The Futilitarians: Q&A with author Anne Gisleson

The Futilitarians by Anne Gisleson

What do you like most about writing?

The dedicated focus and the concentration. Life is busy, the world can be bonkers and my mind is often pretty messy and disorganized. The page is a designated space to try to straighten things out. Didion said it best: “I write entirely to find out what I’m thinking, what I’m looking at, what I see and what it means. What I want and what I fear.” It helps me know the world better. I love the scary luxury of sitting down to write and having no idea where it’s going to lead, what I’ll discover, how many times I’ll change my mind, etc. It’s a bonus if I actually get to share what I write with the world and have it connect with others.

What don’t you like about writing?

Once I accepted that the hundreds of thousands of unpublished words and dozens of failed pieces are all in service of the published, more successful ones, there’s not much I don’t like about writing. Except maybe the required self-involvement and prolonged detachment from loved ones.

Do you have a designated writing space?

Absolutely. I share a studio with my husband, who’s a visual artist. It’s big enough that we have our distinct spaces and we’re almost never there at the same time. It’s only about ten minutes away, but it’s outside of the city and you have to cross the Industrial Canal via a hundred year old drawbridge, and then cross the parish (county) line. So it feels as though you’re leaving your regular life and ritualistically entering a totally different zone. Since it’s the only thing I do in that space, it’s a productivity chamber. I walk in, make coffee, sit down, write, leave, and go to my other job or next thing.

What were your favorite books growing up/which books influenced your writing?

In some ways, I feel as though I’ve never gotten past the pull of Virginia Woolf’s work. I first read her in high school and it permanently imprinted on me. I’d read passages over and over and map out how far she could travel within a single sentence, the constant negotiation between the internal and external. Her ability to synthesize observation, emotion, imagination, and intellect so compactly always awed me. She made me pay attention to how we experience the world in any given moment, how it feels to be alive, and the difficulty of trying to write that.

How did Hurricane Katrina change New Orleans?

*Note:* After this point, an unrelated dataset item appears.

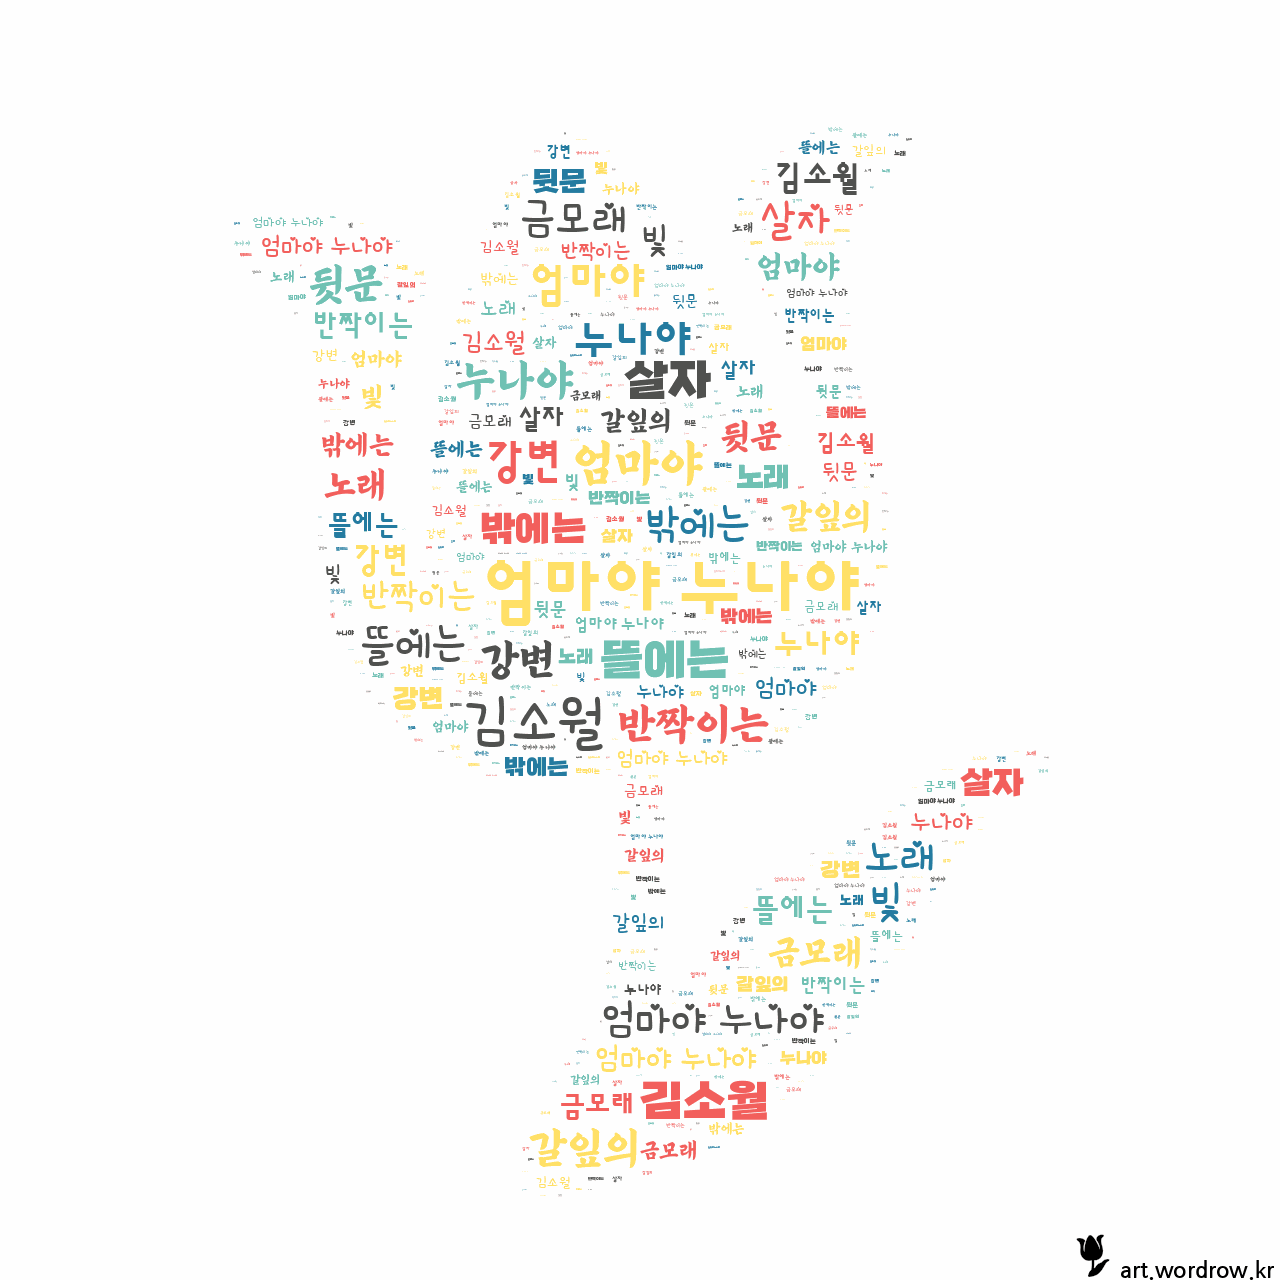 워드 아트: 엄마야 누나야 [김소월]-49

I think for every New Orleanian affected by Katrina the city changed in a different way. Civic life does feel more intentional, as we’ve had to confront a lot of issues that had languished over the years, and we’ve become more open to change and more visible nationally. Katrina brought in fresh waves of people and ideas, some helpful, some not as much. But, empirically, since the storm, the city is whiter, there’s less affordable housing and the beautifully rebuilt schools are more segregated. There was a big post-Katrina push to preserve the city’s celebrated culture but not necessarily the communities who create it and many long-time residents are being pushed out of their historic neighborhoods. All of this is very painful and, for me, clouds whatever gains the city has made. It’s also hard to separate out the city’s changes from the same urban trends happening all over the country — gentrification, the impact of short-term rentals. Katrina maybe accelerated those things here. On another note, not sure what the correlation is, but we do have the most exciting and robust literary scene I’ve experienced here in my lifetime.

How did Katrina change you as a writer?

It changed me vastly as a writer. Hurricane Katrina and motherhood hit me at the same time, in my thirties. The stakes were so suddenly so high and I could only think and write in these very urgent, life-or-death terms. I committed to nonfiction and to trying to relay the complexity of the city, of living in the aftermath. It was a fraught time for local writers because so much was riding on how the city was perceived by the rest of the country, and at the same time we were processing our own reactions to this crazy new reality. I remember bristling whenever anyone would be called “the voice of New Orleans” because there were so many different voices, and most not heard at all. Writing through all that destruction and anxiety, hope and work, obsession with the past and the future, I think some seal on my writing was broken and that sense of urgency has never gone away.

What kept you excited about writing The Futilitarians?

One of the most compelling aspects of writing it was the self-discovery. My father’s death and the group’s formation was such an astounding confluence. I knew a few months in that I wanted to write about it. Like the first year of grieving a loved one, the first year of any new effort like the Existential Crisis Reading Group, has its own intensity and momentum that can later fall away or mutate into something else. I wanted to capture that, but also realized it can sometimes take a while to sort things out and the process can be unpredictable. Through the writing itself and the feedback from others, I started to see stronger connections between my past (especially the deaths of my two sisters), the readings and the group’s project of philosophical exploration. Like the ECRG, the book feels like a conversation, like a collective endeavor.

Is the Existential Crisis Reading Group still going on?

Yes! It is. We still have a core group of a half dozen or so of the original members. Some original invitees decided after the first couple meetings that it wasn’t for them, and over the years, others have moved out of town. We occasionally invite new members or guests, but we try to keep it small and intimate. I really don’t know how the book’s release is going to play into the ongoing dynamic of the group, but people have been really supportive. It’s “meta” experience for them — reading about our reading group in a book. It’s a little weird, but also pretty cool, that some of our discussions have been launched from our living room out into the world.